De toute la Parole que la famille d'Abraham a
héritée, seul le Coran donne du salut des justes —
le paradis, mot inconnu de La Révélation d'Arès — des
descriptions qui soient plus qu'une idée comme l'idée que donne Luc
16/23 (Le pauvre Lazare dans le sein d'Abraham).
Toutefois, dans la Coran, la matérialité des descriptions forme plus
une allégorie qu'une réalité, à moins qu'elle ne se rapporte au salut
absolu, la vie après le Jour de la résurrection (Rév
d'Arès 35/2-3).
Du salut immédiat
après la mort La Révélation d'Arès ne dit presque rien
concrètement. Elle présente la mort comme la dislocation des trois
composantes de l'humain: la chair, l'esprit et l'âme (Rév d'Arès
17/7). Elle prévient, en recommandant qu'on se mortifie
pour les morts (Rév d'Arès 33/32-34), que le moment de la
mort est pénible pour tous, même pour les vertueux (Rév d'Arès
XL/15).

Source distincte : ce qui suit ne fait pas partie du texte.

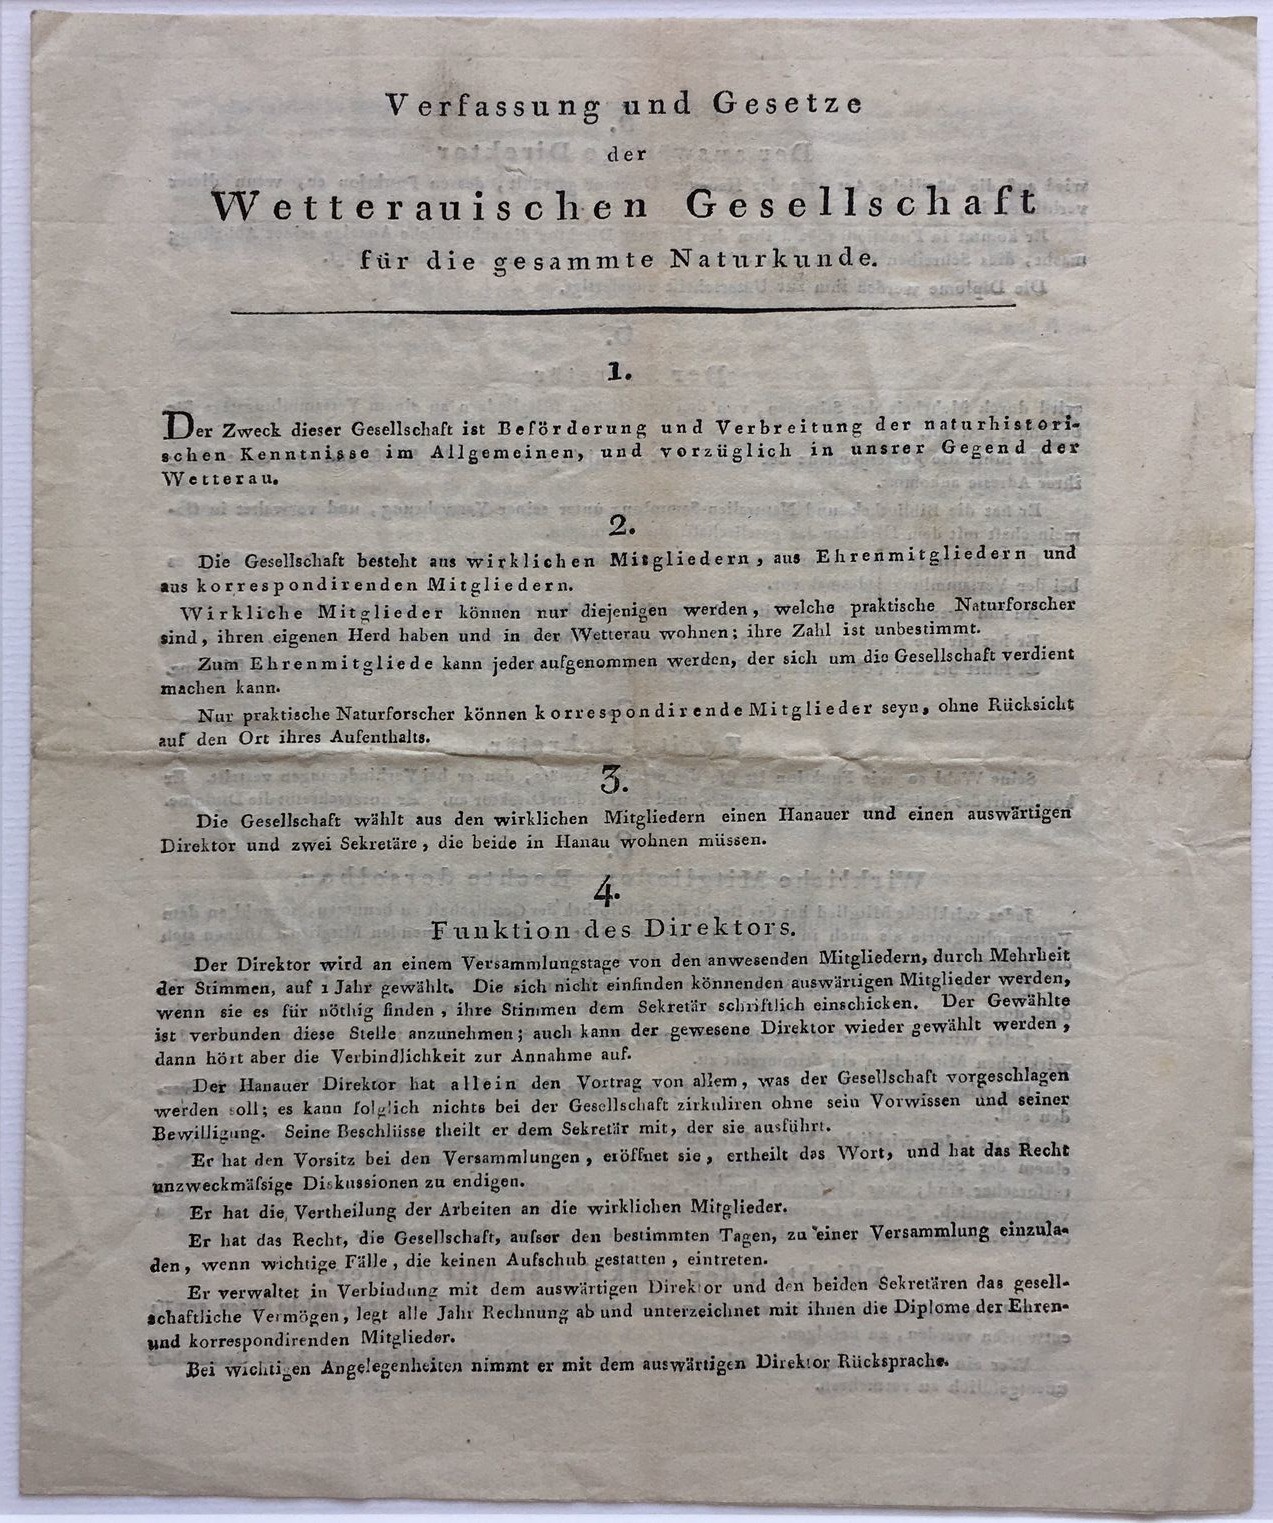 Wetterauische Gesellschaft, Verfassung und Gesetze, August 1808. (Taunus-Rhein-Main - Regionalgeschichtliche Sammlung Dr. Stefan Naas CC BY-NC-SA)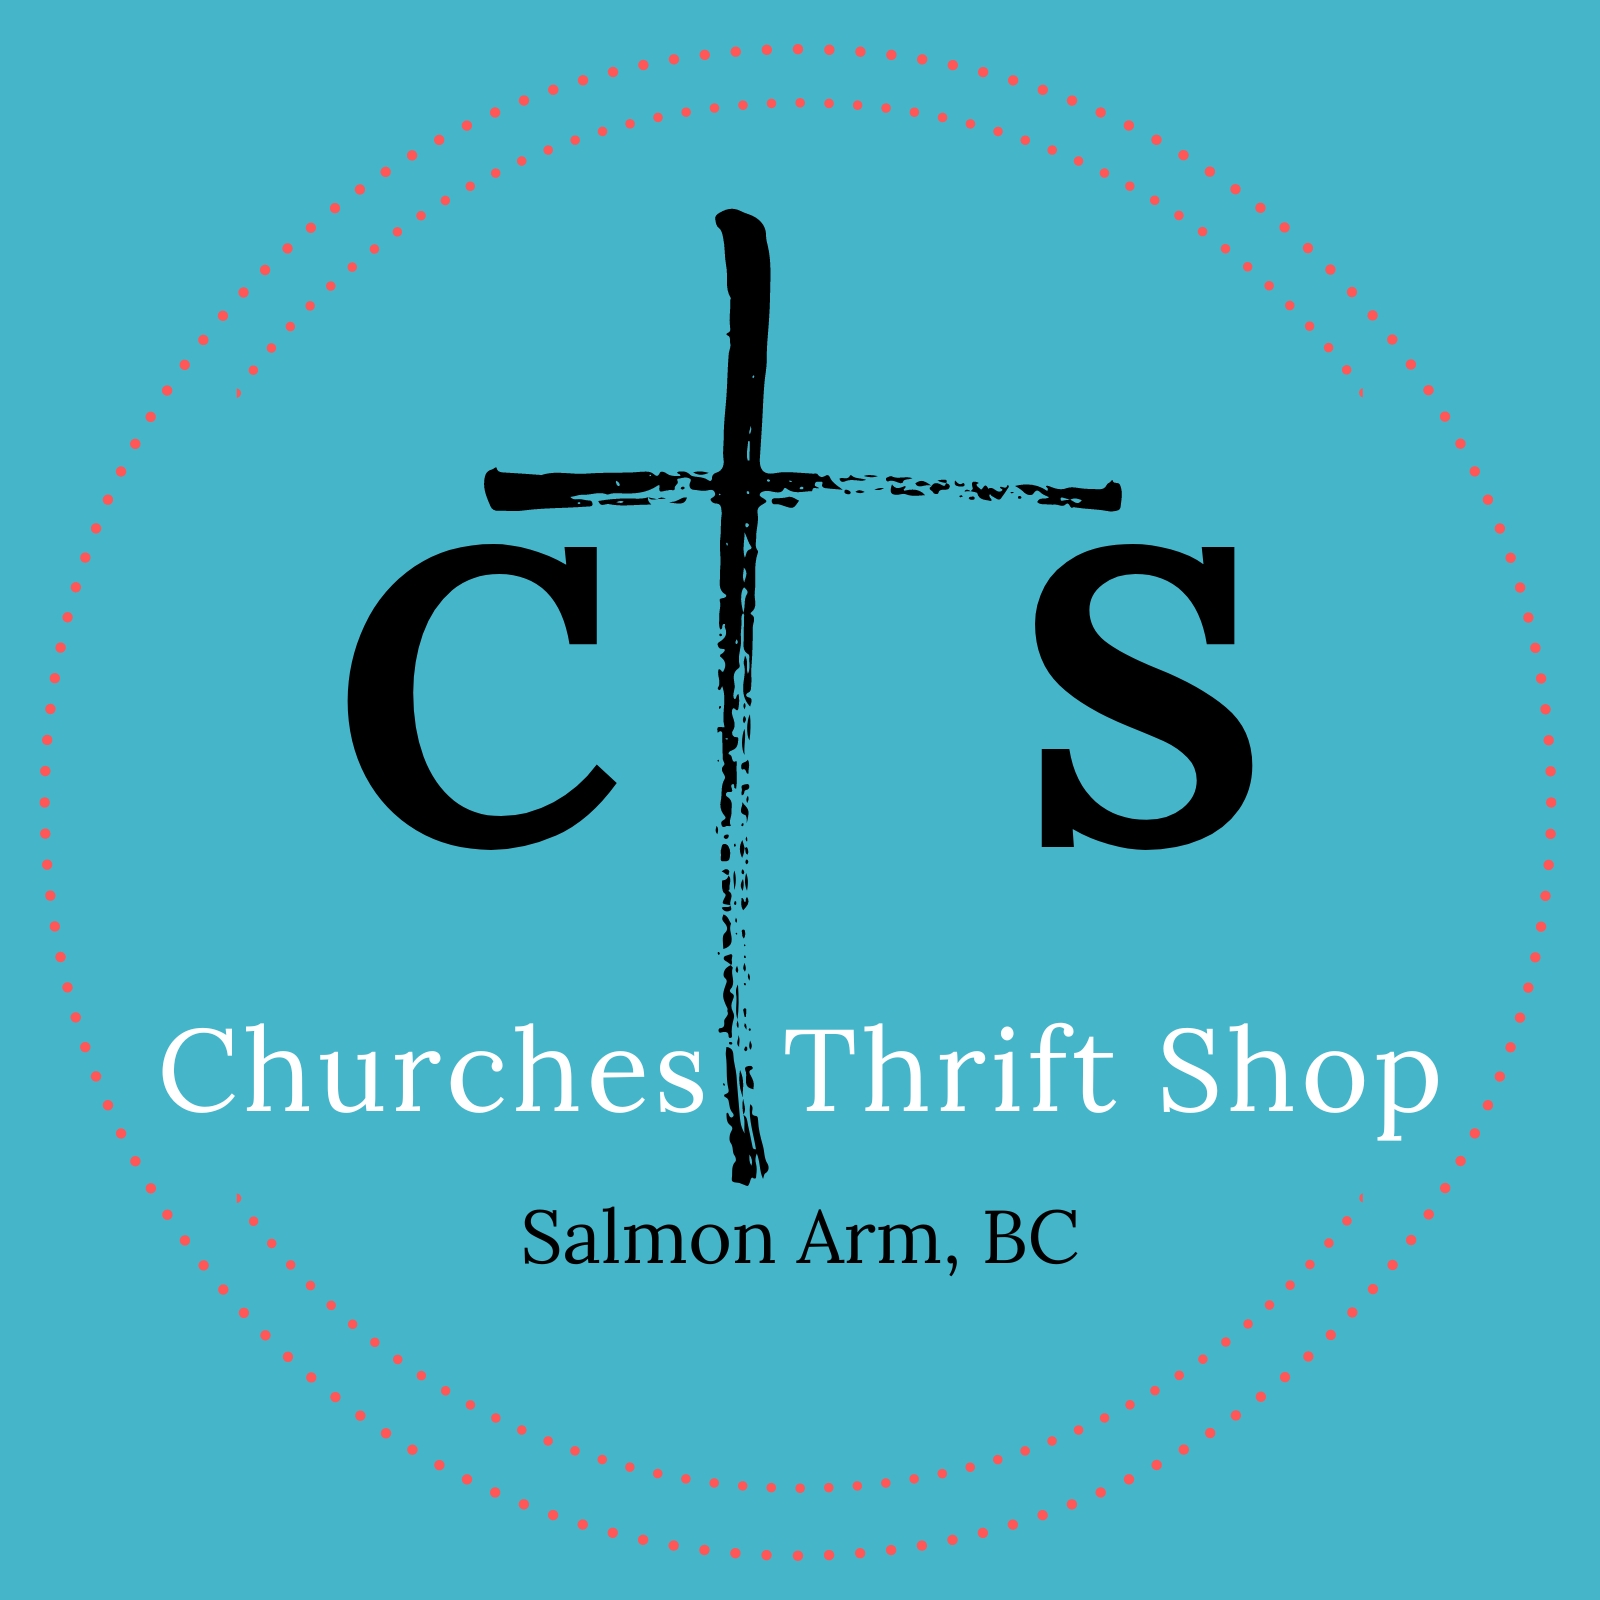 Churches Thrift Shop

La mort en effet est une anomalie, puisque la
chair meurt de la peste congénitale, le péché, léguée
par Adam (Rév d'Arès 2/1-5), dont l'humanité ne guérira qu'en
consentant à une pénitence longue de nombreuses générations
(24/2).
Quand
vous mourez à l'âge de la conscience (les enfants et les simples, selon
l'écriture, ne posent pas de problèmes de salut), soit vous n'avez plus
que l'esprit, soit vous avez l'esprit et l'âme. L'esprit
seul ne peut que vous faire un linceul glacé (17/7), image de
la stérilité spirituelle (les abîmes) et de l'inconscience souffrante
(17/5) du spectre (4/6-7). L'âme par contre,
si vous vous êtes créé une âme par la pratique du bien (Rév
d'Arès veillées 17 et 18), de l'amour, du pardon, de la paix, du
renoncement aux préjugés (liberté), avec ou sans foi ou religion, l'âme
vous pousse hors des abîmes comme une voile poussée
par le vent
spirituel que vous avez soufflé de votre vivant. Vous emportez donc
avec vous les forces que vous vous êtes données sur terre. Où va l'âme
n'est pas décrit, sans doute parce que le salut post mortem n'est pas
la conclusion de la vie spirituelle. La finalité de la vie spirituelle
est le salut absolu, le seul décrit dans La Révélation
d'Arès, qui viendra beaucoup plus tard après le Jour (Rév
d'Arès 17/7, 31/8-12, 33/9, etc).
Citons cependant le 2 octobre 1977, quand je fus propulsé hors du temps
et hors de ma vulnérabilité charnelle à travers l'univers. Cette
épreuve peut donner une idée de ce qu'est concrètement la vie de l'âme
dans l'attente du Jour.
"Pourquoi, me demandent certains, parlez-vous aussi peu de cette
extraordinaire épreuve?" Je réponds quelquefois: "Parce que ce jour-là,
comme l'un des deux paumés, Vladimir et Estragon, héros d'En
attendant Godot,
je réappris quelques instant qu'étant un homme j'étais un animal
métaphysique —C'est Ionesco qui disait cela de la pièce de Samuel
Becket . Ce n'est pas moi, c'est le Créateur qui dans La
Révélation d'Arès (VI/1-4)
décrit ma propre épreuve, parce qu'un homme ne peut pas décrire ses
retrouvailles avec sa propre substance spirituelle. Impartageables
retrouvailles, aussi inconcevables que Godot, Dieu lui-même,
quoi!"
Je dis parfois à des personnes déconcertées: "Je ne sais pas ce qu'est
Dieu, je n'en ai que l'expérience que vous avez lue dans La
Révélation d'Arès.
Cette expérience ne décrit pas grand chose de lui, mais elle a le
mérite d'être honnête. De même, je suis honnête avec l'idée de salut.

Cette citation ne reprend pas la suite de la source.